• Supplied material:
+ + +

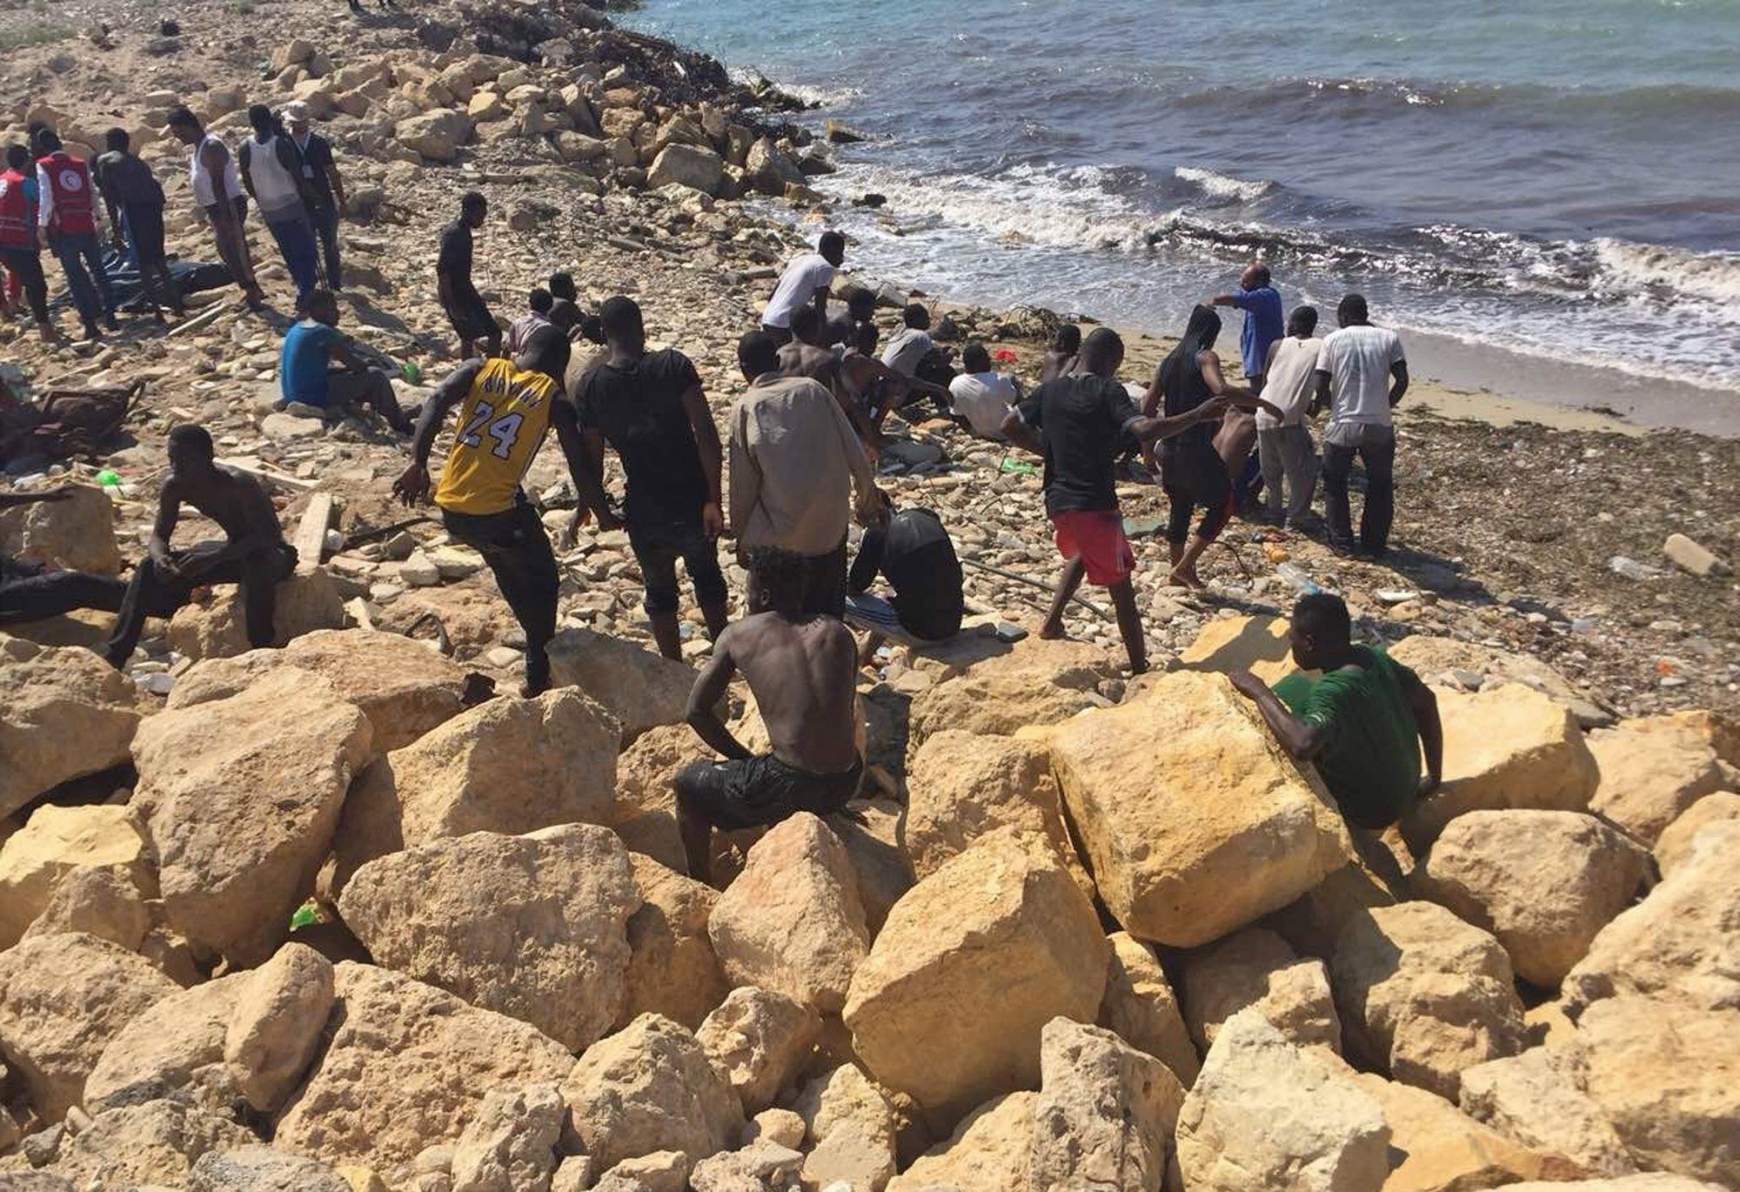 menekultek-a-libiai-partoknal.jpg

+ + +

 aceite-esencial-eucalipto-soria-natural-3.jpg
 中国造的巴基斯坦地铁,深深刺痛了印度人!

+ + +

• Requirement: In the listing above, find the line with "aceite-esencial-eucalipto-soria-natural-3.jpg" and the line with "中国造的巴基斯坦地铁,深深刺痛了印度人!", then print exactly those two lines and every line between them, and nothing more.

• Result of this task:
 aceite-esencial-eucalipto-soria-natural-3.jpg
 中国造的巴基斯坦地铁,深深刺痛了印度人!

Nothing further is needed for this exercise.